WHAT TO WORK ON:
Exactly reproduce the lines from the top of the entries below through the line containing "It isn't all gloom for job seekers in Kent", with both ends included.

>>>>>

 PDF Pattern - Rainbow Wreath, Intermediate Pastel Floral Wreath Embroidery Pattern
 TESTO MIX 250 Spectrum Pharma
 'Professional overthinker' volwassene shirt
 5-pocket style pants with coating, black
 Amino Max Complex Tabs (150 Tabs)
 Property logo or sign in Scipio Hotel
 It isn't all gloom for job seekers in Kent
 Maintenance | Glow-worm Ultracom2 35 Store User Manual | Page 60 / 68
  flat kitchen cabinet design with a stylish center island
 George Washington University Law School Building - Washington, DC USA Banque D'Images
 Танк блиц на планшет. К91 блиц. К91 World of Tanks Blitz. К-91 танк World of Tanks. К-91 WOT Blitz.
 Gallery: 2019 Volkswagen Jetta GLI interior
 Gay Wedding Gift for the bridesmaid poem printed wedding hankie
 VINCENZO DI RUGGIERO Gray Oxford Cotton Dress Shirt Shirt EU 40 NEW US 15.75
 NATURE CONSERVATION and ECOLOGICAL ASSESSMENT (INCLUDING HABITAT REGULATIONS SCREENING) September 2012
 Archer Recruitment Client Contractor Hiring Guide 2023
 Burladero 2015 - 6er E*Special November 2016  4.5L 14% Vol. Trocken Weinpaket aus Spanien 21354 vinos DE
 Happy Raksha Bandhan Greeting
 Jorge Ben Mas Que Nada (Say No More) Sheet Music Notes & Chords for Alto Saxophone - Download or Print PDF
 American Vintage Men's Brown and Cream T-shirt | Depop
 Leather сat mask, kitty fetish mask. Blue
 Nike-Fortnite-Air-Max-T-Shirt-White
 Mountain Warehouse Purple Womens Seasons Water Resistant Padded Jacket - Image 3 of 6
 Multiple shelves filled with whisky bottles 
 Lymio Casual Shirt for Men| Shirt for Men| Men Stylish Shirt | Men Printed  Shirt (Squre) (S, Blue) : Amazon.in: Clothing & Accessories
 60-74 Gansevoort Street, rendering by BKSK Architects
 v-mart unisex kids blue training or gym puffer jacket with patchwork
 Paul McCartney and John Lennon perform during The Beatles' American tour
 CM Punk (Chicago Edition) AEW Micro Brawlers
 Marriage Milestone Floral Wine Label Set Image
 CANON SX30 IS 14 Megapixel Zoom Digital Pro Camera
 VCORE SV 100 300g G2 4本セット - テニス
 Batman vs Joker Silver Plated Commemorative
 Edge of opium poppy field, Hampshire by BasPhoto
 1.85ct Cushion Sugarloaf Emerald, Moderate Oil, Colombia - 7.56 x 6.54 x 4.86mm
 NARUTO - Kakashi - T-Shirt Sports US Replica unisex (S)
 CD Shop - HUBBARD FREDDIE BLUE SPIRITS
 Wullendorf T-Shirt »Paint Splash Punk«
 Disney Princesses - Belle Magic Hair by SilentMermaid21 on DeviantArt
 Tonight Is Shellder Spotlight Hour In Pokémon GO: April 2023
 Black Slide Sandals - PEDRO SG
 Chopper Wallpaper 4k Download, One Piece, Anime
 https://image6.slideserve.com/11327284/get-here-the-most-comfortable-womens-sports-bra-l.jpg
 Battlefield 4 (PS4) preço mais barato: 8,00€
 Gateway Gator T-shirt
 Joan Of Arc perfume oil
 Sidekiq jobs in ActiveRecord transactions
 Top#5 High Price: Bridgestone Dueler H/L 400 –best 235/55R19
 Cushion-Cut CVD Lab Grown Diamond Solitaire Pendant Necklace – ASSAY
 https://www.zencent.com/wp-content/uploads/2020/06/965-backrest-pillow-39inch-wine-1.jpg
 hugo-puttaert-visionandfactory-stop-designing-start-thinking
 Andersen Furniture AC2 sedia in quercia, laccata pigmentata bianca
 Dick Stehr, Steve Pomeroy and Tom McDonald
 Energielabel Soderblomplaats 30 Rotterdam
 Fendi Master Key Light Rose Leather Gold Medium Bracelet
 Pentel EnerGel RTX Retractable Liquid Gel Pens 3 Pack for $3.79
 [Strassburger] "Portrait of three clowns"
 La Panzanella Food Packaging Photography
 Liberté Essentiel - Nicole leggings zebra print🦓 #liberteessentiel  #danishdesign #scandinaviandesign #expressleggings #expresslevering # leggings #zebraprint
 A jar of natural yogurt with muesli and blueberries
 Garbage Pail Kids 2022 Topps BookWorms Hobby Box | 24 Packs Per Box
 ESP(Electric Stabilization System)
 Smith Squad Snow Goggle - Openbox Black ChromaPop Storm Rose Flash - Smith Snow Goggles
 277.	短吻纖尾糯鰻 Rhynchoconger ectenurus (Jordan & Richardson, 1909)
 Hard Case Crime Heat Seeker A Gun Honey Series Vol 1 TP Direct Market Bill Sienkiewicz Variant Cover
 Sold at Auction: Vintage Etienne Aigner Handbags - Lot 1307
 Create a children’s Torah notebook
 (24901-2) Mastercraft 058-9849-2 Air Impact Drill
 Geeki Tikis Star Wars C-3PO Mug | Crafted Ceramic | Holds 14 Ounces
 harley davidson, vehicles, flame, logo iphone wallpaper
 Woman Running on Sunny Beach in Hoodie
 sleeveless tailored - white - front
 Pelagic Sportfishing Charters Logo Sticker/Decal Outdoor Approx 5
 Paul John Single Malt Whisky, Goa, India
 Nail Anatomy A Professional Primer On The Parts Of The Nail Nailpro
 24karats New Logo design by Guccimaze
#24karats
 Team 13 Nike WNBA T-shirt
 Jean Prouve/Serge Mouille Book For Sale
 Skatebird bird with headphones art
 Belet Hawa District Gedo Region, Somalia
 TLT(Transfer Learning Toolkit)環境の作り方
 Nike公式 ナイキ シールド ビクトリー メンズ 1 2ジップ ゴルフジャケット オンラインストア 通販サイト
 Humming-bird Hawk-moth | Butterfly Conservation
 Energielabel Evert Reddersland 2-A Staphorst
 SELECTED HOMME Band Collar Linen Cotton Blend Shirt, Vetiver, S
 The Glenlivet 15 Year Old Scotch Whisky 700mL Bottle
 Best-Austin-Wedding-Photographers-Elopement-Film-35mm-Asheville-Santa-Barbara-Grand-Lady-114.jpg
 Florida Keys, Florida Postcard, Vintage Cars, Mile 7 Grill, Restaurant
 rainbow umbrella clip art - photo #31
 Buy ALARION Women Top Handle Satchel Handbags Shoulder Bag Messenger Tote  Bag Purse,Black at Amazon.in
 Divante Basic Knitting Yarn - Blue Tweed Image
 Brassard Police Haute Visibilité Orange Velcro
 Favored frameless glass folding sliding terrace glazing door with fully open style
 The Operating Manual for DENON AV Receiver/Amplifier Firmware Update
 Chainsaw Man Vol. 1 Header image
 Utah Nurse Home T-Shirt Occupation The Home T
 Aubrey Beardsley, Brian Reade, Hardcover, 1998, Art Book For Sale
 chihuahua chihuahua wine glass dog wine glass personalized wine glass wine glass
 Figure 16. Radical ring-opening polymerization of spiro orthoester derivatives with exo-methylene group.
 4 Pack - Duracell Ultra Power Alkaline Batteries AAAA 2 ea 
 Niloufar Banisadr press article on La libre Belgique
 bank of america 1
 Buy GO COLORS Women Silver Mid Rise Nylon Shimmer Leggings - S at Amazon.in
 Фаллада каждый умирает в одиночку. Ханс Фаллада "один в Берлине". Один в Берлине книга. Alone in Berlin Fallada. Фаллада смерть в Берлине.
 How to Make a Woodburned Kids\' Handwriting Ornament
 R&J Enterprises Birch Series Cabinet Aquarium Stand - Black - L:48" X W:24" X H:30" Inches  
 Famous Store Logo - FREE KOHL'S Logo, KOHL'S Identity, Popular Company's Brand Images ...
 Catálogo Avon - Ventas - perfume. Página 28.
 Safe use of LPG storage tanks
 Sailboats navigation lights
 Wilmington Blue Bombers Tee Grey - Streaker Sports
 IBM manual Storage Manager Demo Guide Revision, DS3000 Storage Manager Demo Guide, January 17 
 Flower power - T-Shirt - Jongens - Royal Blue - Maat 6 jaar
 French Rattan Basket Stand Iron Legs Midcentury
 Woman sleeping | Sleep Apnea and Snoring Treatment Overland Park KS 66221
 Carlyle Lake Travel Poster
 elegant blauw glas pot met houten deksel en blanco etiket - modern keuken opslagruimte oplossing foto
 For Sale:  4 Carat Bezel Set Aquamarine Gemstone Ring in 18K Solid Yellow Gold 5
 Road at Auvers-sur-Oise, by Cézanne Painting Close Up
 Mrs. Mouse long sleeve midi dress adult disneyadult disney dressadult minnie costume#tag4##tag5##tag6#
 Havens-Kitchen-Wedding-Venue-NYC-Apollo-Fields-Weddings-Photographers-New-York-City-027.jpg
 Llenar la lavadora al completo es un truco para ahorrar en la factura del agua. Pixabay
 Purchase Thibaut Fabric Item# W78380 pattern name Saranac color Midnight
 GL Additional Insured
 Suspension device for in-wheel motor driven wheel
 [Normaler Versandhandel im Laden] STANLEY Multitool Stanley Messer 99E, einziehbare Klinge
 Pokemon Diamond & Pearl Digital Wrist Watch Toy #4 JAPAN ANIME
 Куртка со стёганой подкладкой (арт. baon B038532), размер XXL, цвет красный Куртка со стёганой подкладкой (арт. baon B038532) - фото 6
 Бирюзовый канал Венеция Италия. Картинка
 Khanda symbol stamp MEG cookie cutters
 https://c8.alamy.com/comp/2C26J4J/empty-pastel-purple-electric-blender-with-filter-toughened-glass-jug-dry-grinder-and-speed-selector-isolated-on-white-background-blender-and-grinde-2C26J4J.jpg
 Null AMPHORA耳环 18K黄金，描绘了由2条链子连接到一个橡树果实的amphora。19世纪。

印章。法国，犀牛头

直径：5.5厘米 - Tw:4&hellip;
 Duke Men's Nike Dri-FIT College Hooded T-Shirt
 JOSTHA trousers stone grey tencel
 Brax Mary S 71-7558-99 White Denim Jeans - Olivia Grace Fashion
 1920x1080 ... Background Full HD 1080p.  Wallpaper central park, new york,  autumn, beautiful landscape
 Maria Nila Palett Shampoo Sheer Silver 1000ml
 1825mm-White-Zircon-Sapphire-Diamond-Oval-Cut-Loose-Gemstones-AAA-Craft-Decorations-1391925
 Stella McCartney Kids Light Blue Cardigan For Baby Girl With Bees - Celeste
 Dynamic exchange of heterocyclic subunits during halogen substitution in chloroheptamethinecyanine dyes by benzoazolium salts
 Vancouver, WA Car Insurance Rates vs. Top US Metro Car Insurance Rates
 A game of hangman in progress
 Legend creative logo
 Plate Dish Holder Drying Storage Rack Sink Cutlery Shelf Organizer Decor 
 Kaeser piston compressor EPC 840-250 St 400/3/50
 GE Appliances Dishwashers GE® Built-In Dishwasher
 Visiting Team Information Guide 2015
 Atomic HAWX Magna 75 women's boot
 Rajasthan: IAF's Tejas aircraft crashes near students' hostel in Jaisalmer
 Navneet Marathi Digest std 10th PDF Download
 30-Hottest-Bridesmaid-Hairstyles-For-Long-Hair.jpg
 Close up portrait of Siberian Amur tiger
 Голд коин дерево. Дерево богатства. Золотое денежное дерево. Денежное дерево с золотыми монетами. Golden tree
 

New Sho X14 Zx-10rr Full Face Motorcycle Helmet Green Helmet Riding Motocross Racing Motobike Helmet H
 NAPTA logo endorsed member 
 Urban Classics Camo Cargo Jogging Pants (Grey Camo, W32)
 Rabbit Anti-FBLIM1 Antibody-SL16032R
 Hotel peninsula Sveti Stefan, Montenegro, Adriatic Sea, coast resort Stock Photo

<<<<<

ANSWER TO THIS PROBLEM:
 PDF Pattern - Rainbow Wreath, Intermediate Pastel Floral Wreath Embroidery Pattern
 TESTO MIX 250 Spectrum Pharma
 'Professional overthinker' volwassene shirt
 5-pocket style pants with coating, black
 Amino Max Complex Tabs (150 Tabs)
 Property logo or sign in Scipio Hotel
 It isn't all gloom for job seekers in Kent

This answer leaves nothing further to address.